This is analogous to the corresponding theorem for Java, though some of the proof details differ.

**Claim:**
If a program allows no data races on a given input,
and the only synchronization
operations are simple `lock` and `unlock` operations with
acquire and release semantics respectively, then the
program obeys sequential consistency rules, i.e. it behaves as though
it had been executed by sequentially interleaving its actions, and
lettting each load instruction see the last previous value stored to
the same location in this interleaving.

Very informal **Proof**:

Consider a particular consistent execution on the given input.
The corresponding happens-before relation is an irreflexive
partial order, which we can extend to a total order *T*.
Chose *T* such that each `lock` operation appears
as late in the order as possible, and each `unlock`
appears as early as possible. We then have to argue that:

- The actions of each thread appear in
*T*in thread order, i.e. in is-sequenced-before order. - Each load sees the last preceding store in
*T*that stores to the same location. (For present purposes we view bit-field stores as loading and then storing into the entire "location".)

Ordinary memory operations must appear in is-sequenced-by order, since
that is one of the constraints on happens-before.
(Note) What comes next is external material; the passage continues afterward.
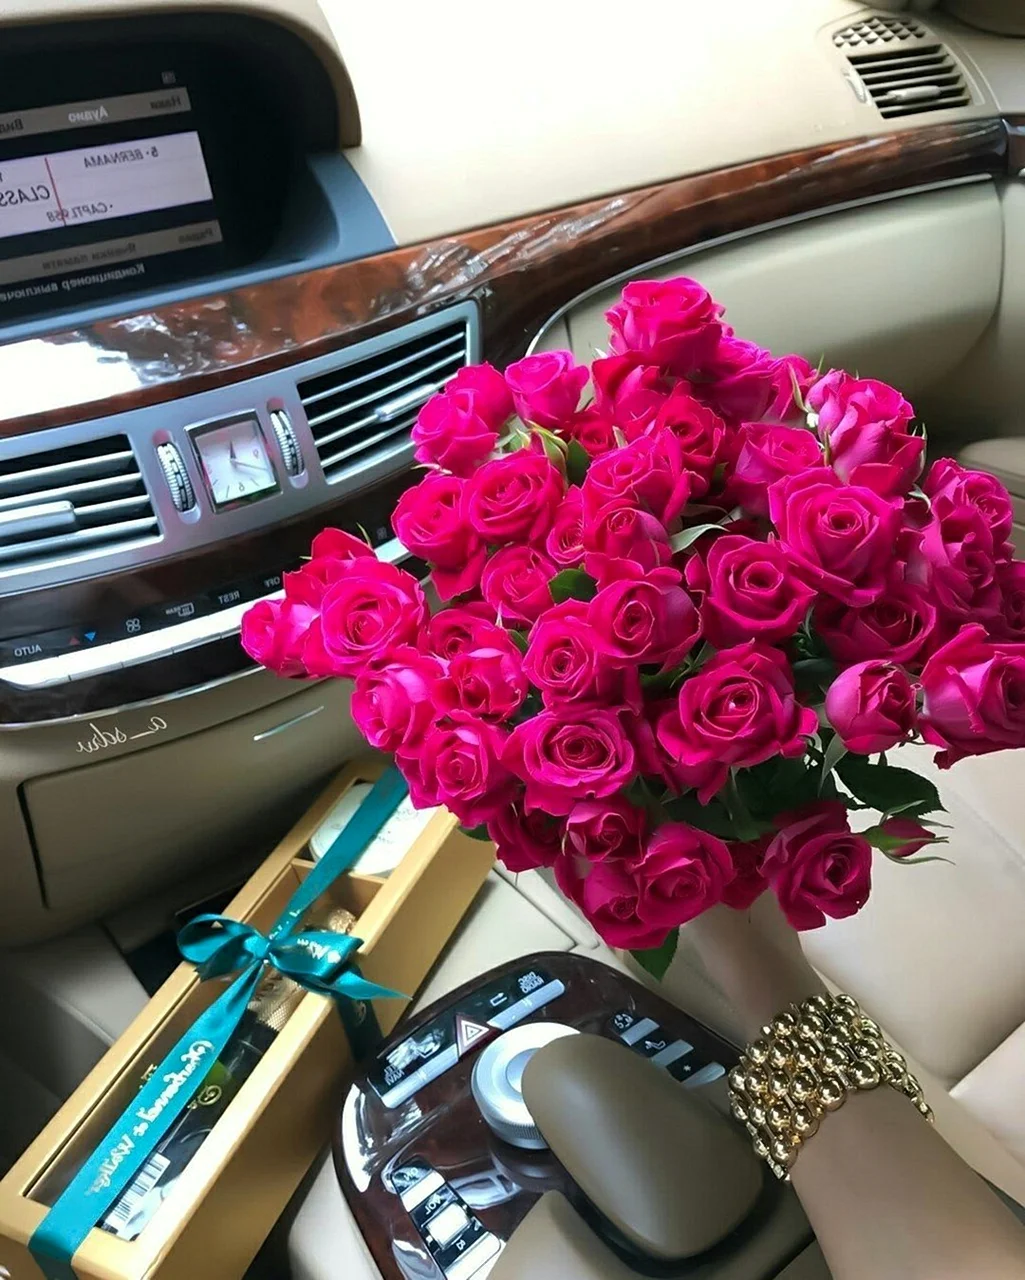 Букет цветов в салоне машины

Similarly
`lock` operations must not appear after actions they
are sequenced-before, and conversely for `unlock` actions.
Thus we have to argue that our construction ensures that `lock`
operations do not appear earlier, and `unlock` operations
appear no later than in thread order.

Since we place `lock` operations as late as possible, they
can be placed before their thread order only if this is required
by other inter-thread happens-before relationships, which would
have to be attributable to a communicates-with relationship.
But a `lock` operation does not communicate-with
anything, hence there can be no other ordering constraints on
the `lock` operation. A corresponding argument
applies to the ordering of `unlock` operations.
Thus *T* contains the operations of each thread in
is-sequenced-by order.

Now assume that a load operation *L* in *T* sees the
value stored by *Svisible* but a store instruction *Smiddle*
appears between them in *T*.

We know from the fact that
*T* is an extension of happens-before that
*Smiddle* does not happen-before *Svisible*.
But since there are
no data races and *Smiddle* and *Svisible* confict,
one of them must happen-before the other, and hence
*Svisible* must happen-before *Smiddle*.
This means that *Smiddle* may not happen-before *L*, since
that would otherwise violate the constraint on inter-thread visibility
in the definition of consistent executions.

But we again know that *T* is an extension of happens-before,
and hence *L* cannot happen-before *Smiddle*.
It follows that there is a data race between *L* and
*Smiddle*, and hence arrive at a contradiction.

Hence every load must see the last store in *T* that precedes it
and stores to the same location. •

I believe this also holds if a data race is defined as a store occurring simultaneously with (or adjacent to in a sequential interleaving) a load or a store, so long as our notion of "simple lock" doesn't include a trylock primitive. See Boehm, "Reordering Constraints for Pthread-Style Locks" for details.

The above argument does not apply if we allow `load_acquire`
and `store_release` operations. In particular,
cinsider the following example from the strawman proposal:

Thread1 | Thread2 |

store_release(&y, 1); r1 = load_acquire(&x); |
store_release(&x, 1); r2 = load_acquire(&y); |

This allows *r1* = *r2* = 0, where sequential consistency
(and Java) do not.